Viscoelastic Compound-Drop Models for Neutrophil Deformation and Transport in Capillaries

It is well known that neutrophils take much longer time to traverse the pulmonary capillary bed than erythrocytes. This results in their accumulation in the lungs and formation of a reservoir readily recruited when needed. In recent years, neutrophil transport in the lungs has been modeled using increasingly realistic representation of the capillary network. However, the cell deformation has mostly been accounted for empirically. Thus, the determination of the transit time is often ambiguous for lack of a direct knowledge of the cell shape during the transit. In this talk, we will describe a detailed numerical simulation of a neutrophil passing through capillaries. Motivated by the intuition that the difference in transit time is due to the white cells' higher rigidity than red cells, we explore how the cell rheology affects its deformation and passage through capillaries.
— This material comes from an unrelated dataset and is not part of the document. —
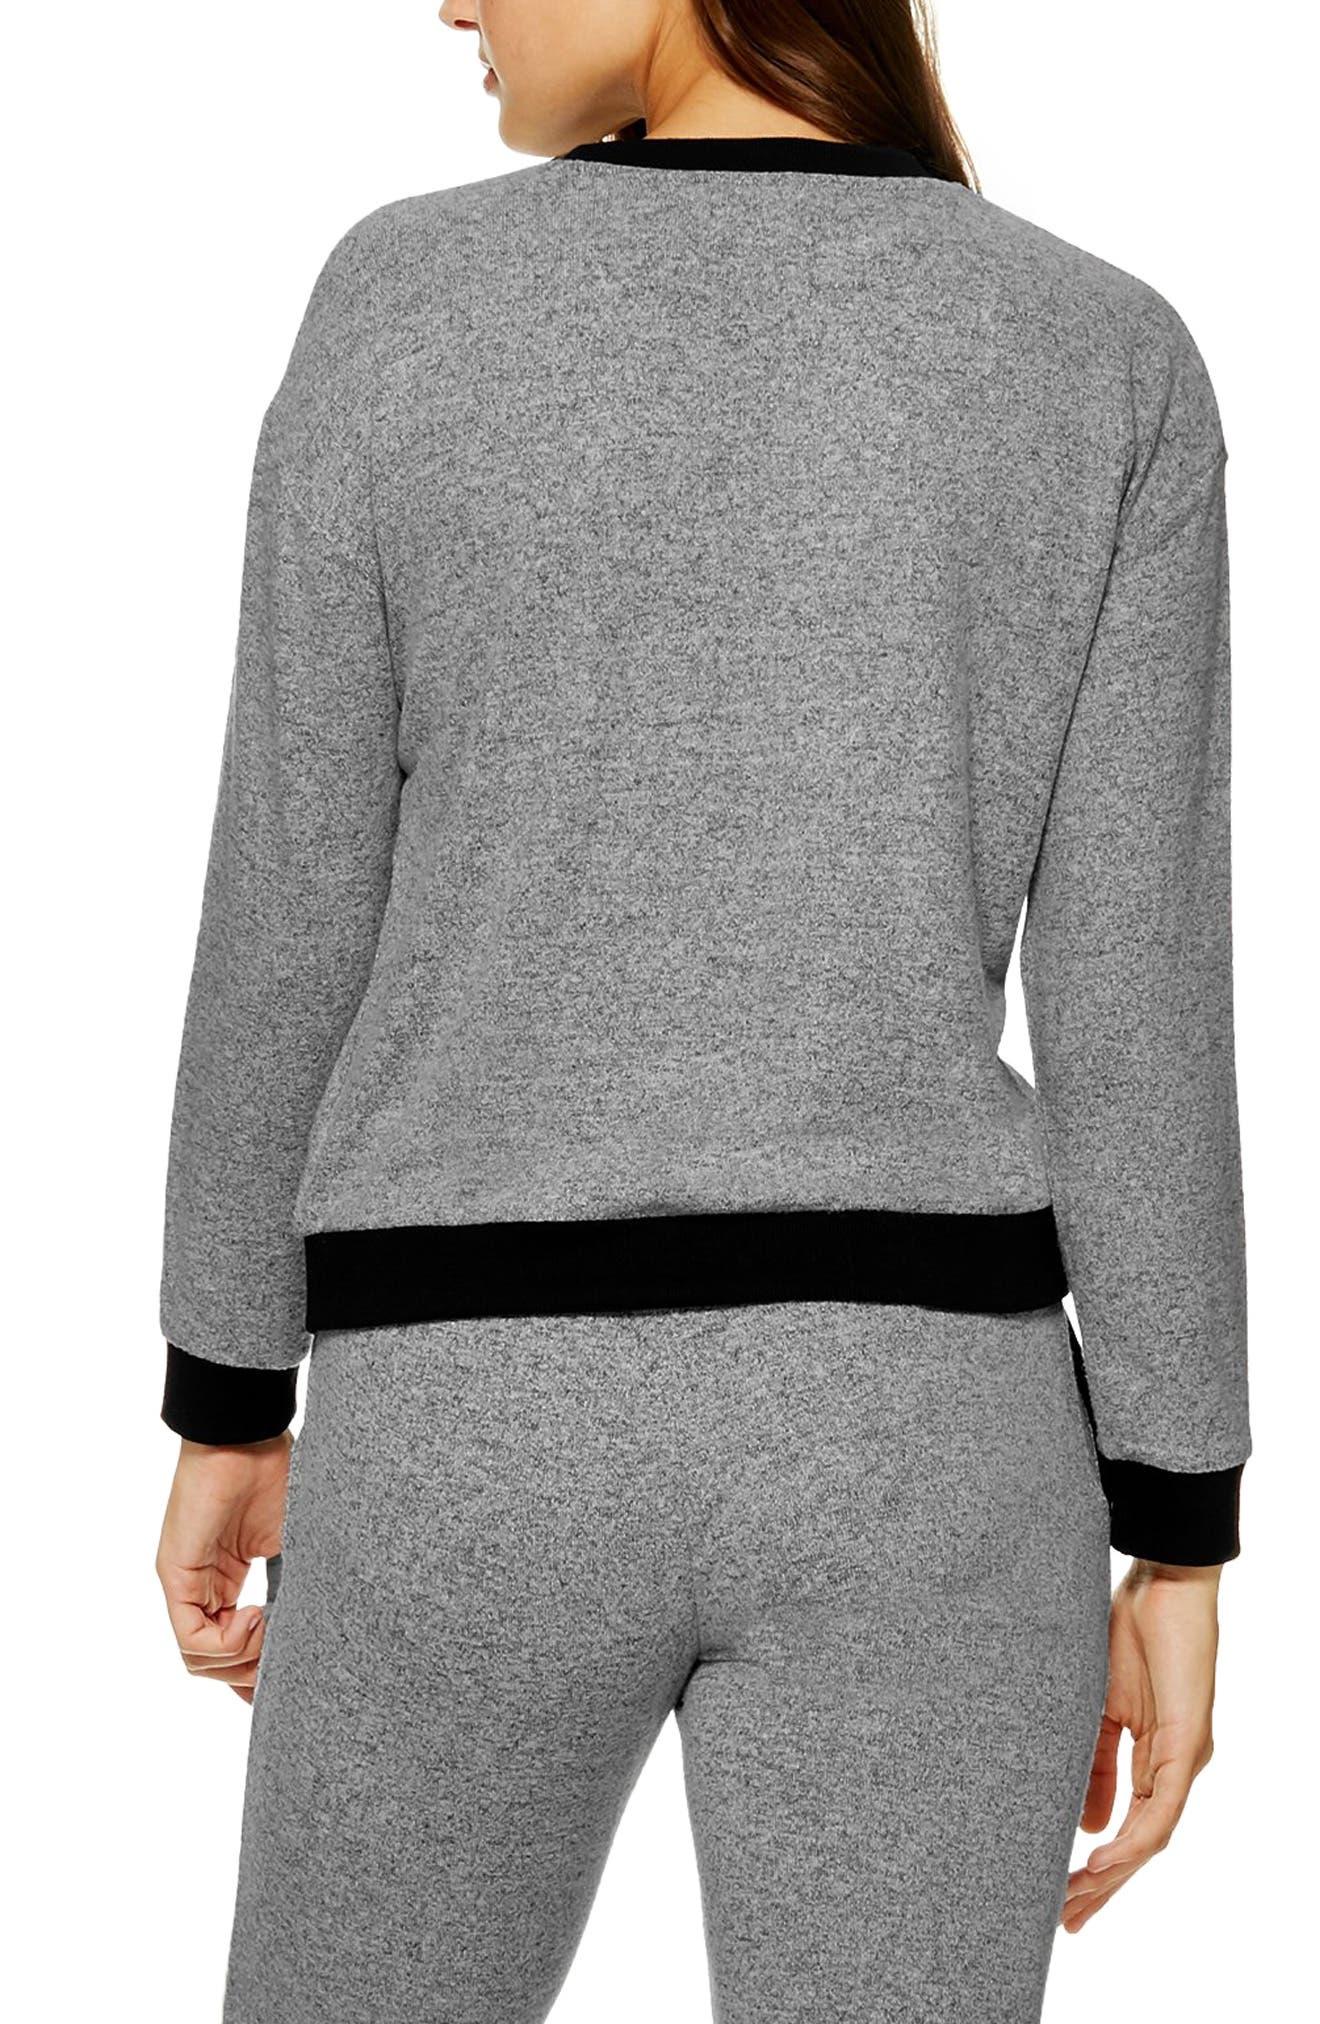 Supersoft Sweatshirt,                         Main,                         color, GREY MARL

Using a novel phase-field representation, we first test the well-known Newtonian and viscoelastic drop models. Then we examine whether the apparent cell viscoelasticity can be captured by accounting for the existence of a more rigid nucleus. Comparison with measurements will determine which model features are appropriate. Finally we discuss geometric effects relevant to the pulmonary capillary network as well as various microfluidic devices developed for analysis and separation of blood cells.